Le photographe Luke Nugent a utilisé l’IA pour élaborer les images de la dernière campagne du label - Casablanca Paris


Avec l’arrivée des logiciels ChatGPT, Lensa AI, Midjourney, Stable Diffusion ou encore Dall-E, les IA dites génératives ont explosé depuis six mois. Plus d’une marque a surfé sur la vague, mais en se cantonnant jusqu’ici à exploiter cet outil surtout dans la communication. A l’instar de la griffe Casablanca Paris, dont les images de sa dernière campagne pour le printemps-été 2023 ont été réalisées par le photographe britannique Luke Nugent à l’aide de l’IA.

Certaines griffes ont testé quant à elles l’IA à titre expérimental, comme Gucci, qui a lancé divers projets avec des artistes numériques, ou Valentino, qui a confié aux algorithmes et à l’artiste allemand Mario Klingemann la réalisation de la vidéo racontant sa collection couture printemps-été 2021. Plus récemment, les maisons ont utilisé cette technologie comme un gadget ou effet d’annonce lors des présentations de leurs dernières collections estivales pour attirer l’attention et se donner une image dans le vent.

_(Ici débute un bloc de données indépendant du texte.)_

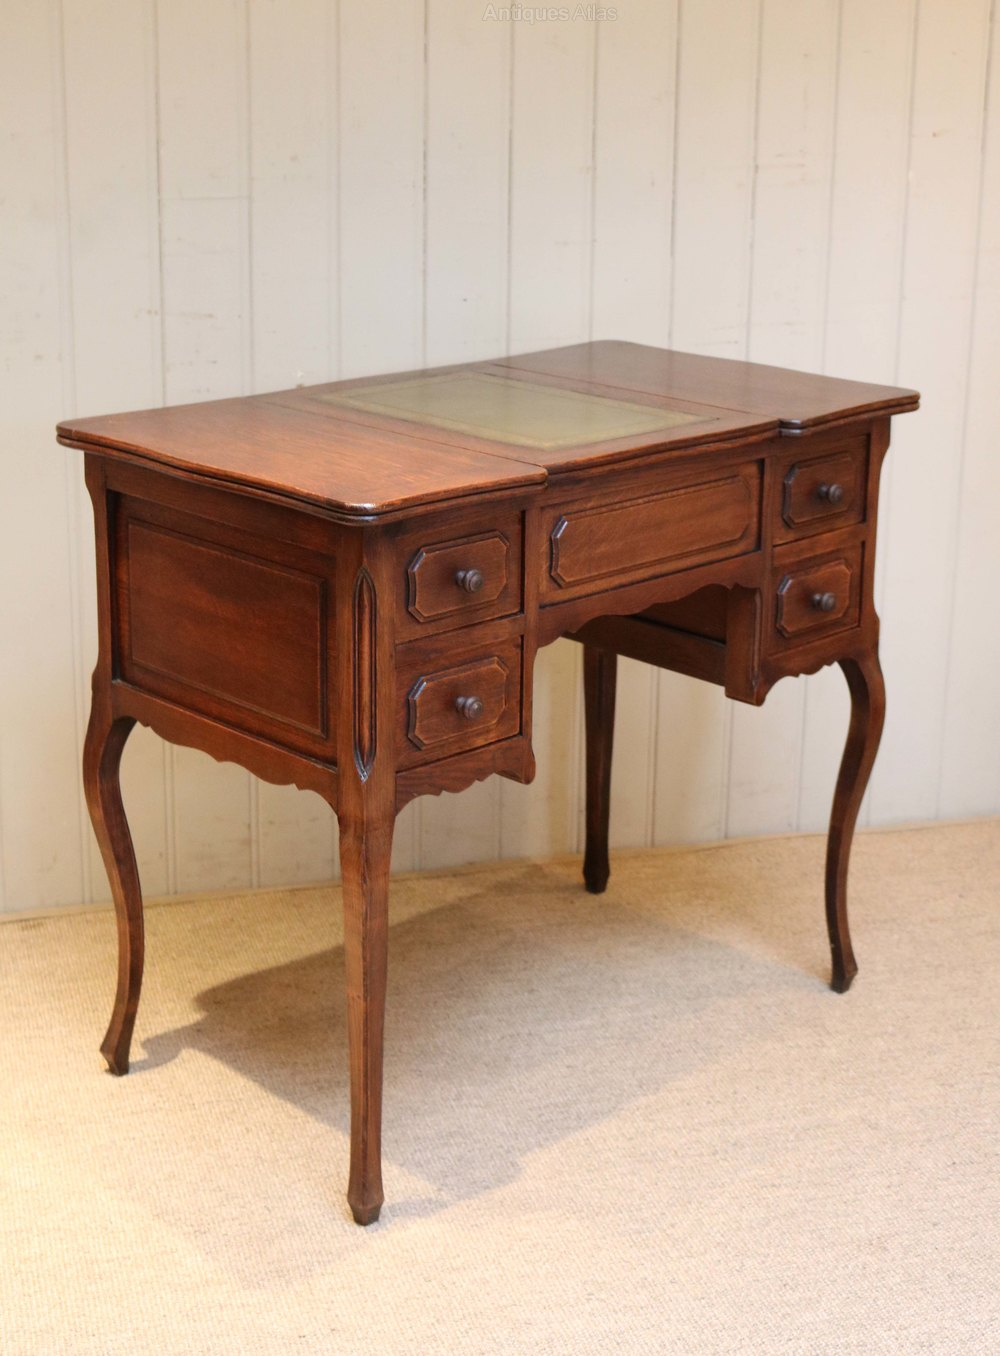 Small French Oak Desk Antique Desks ... - Small French Oak Desk - Antiques Atlas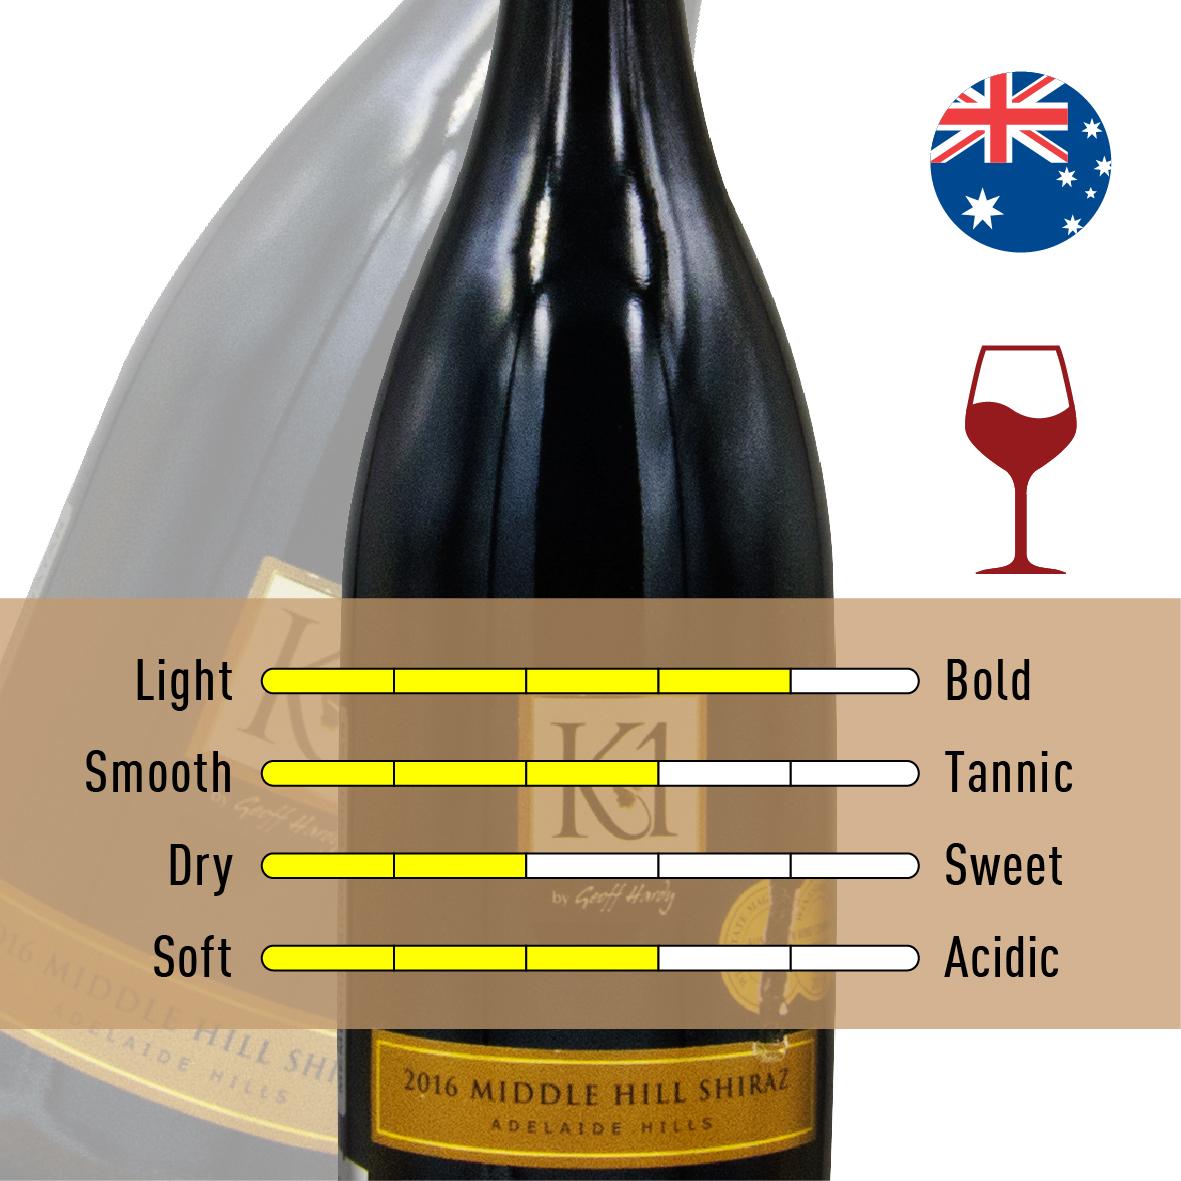 11-GEOFF HARDY K1 MIDDLE HILL SHIRAZ 2016-Australia-02.jpg

En réalité, les IA sont déjà utilisées par le secteur de la mode depuis une dizaine d'années. "La première vague d'adoption a eu lieu entre 2013 et 2019. D'abord à travers le cas d'usage de la segmentation, notamment via la reconnaissance d'image, qui permet par exemple aux marques de mode de trier des millions de produits chez les concurrents. L'autre usage est essentiellement prédictif. A partir de l'historique de la commercialisation d'un produit et de l'analyse des données, on peut prédire l'évolution d'un stock ou de la demande, et affiner les prix", explique Paul Mouginot, artiste et ingénieur spécialiste de l'IA. Il a cofondé Daco.io, un outil de veille concurrentielle racheté en 2018 par Veepee, et la start-up Stabler.tech, qui opère dans le domaine de l'extraction de données. Il a aussi créé le studio d'art aurèce vettier, qui combine algorithmes d'IA et métiers d'art.
 
A partir de 2014, de nouveaux algorithmes ont fait leur apparition, les GAN (Generative Adversarial Network). Ces réseaux antagonistes génératifs donnent une capacité créative aux IA, leur permettant de réaliser des imitations d'images. A travers la collecte de données et d'images à grande échelle se constitue un dataset, ou un jeu de données, qui va servir à entraîner ces modèles, capables, une fois entraînés, de créer des images de toutes pièces à l'aide de mots clés (le prompt). "L’AI répond à un brief et sort la réponse la plus adaptée. Jamais elle ne pourra anticiper ou capter l’air du temps, ni gérer l’émotion", précise le fondateur d'Imki, Frédéric Rose.
 
Si la technologie existe, deux obstacles majeurs en freinent toutefois l'exploitation. "Il y a encore un enjeu sur la qualité des données lié à la manière dont ont les récupère et donc un problème de gestion des données. L'autre frein est dû à l'extraction des données qui devient un sujet toujours plus politique", indique Paul Mouginot, rappelant que jusqu'à peu l'utilisation de ces technologies d'IA nécessitait maintes développeurs et ressources, alors qu'aujourd'hui les interfaces sont disponibles à des prix plus accessibles. "Ce qui a changé désormais, c'est que l'on a ouvert les plateformes à tout le monde", poursuit-il.
 
Utilisées pour optimiser le processus industriel ou les ventes et l’expérience client, les IA sont plutôt restées à l’écart du processus créatif. Bien peu de maisons se sont, en effet, aventurées jusqu’ici sur ce terrain, à quelques exceptions près comme Acne Studios. Le label suédois a réalisé en 2020 sa collection masculine pour l’automne-hiver 2020/2021, en collaboration avec l’artiste Robbie Barrat, à partir de modèles de vêtements proposés par la machine, dans une démarche très expérimentale. "Comme la machine a traité uniquement des photos d’Acne Studios, le résultat paraît très familier. C’est notre univers, mais dans une autre galaxie. Je suis particulièrement heureux de la façon dont l’IA nous a appris à voir les vêtements, avec un regard différent, sans préjugés", commentait à l’époque le directeur créatif Jonny Johansson dans Sabato, le supplément du quotidien belge L’Echo.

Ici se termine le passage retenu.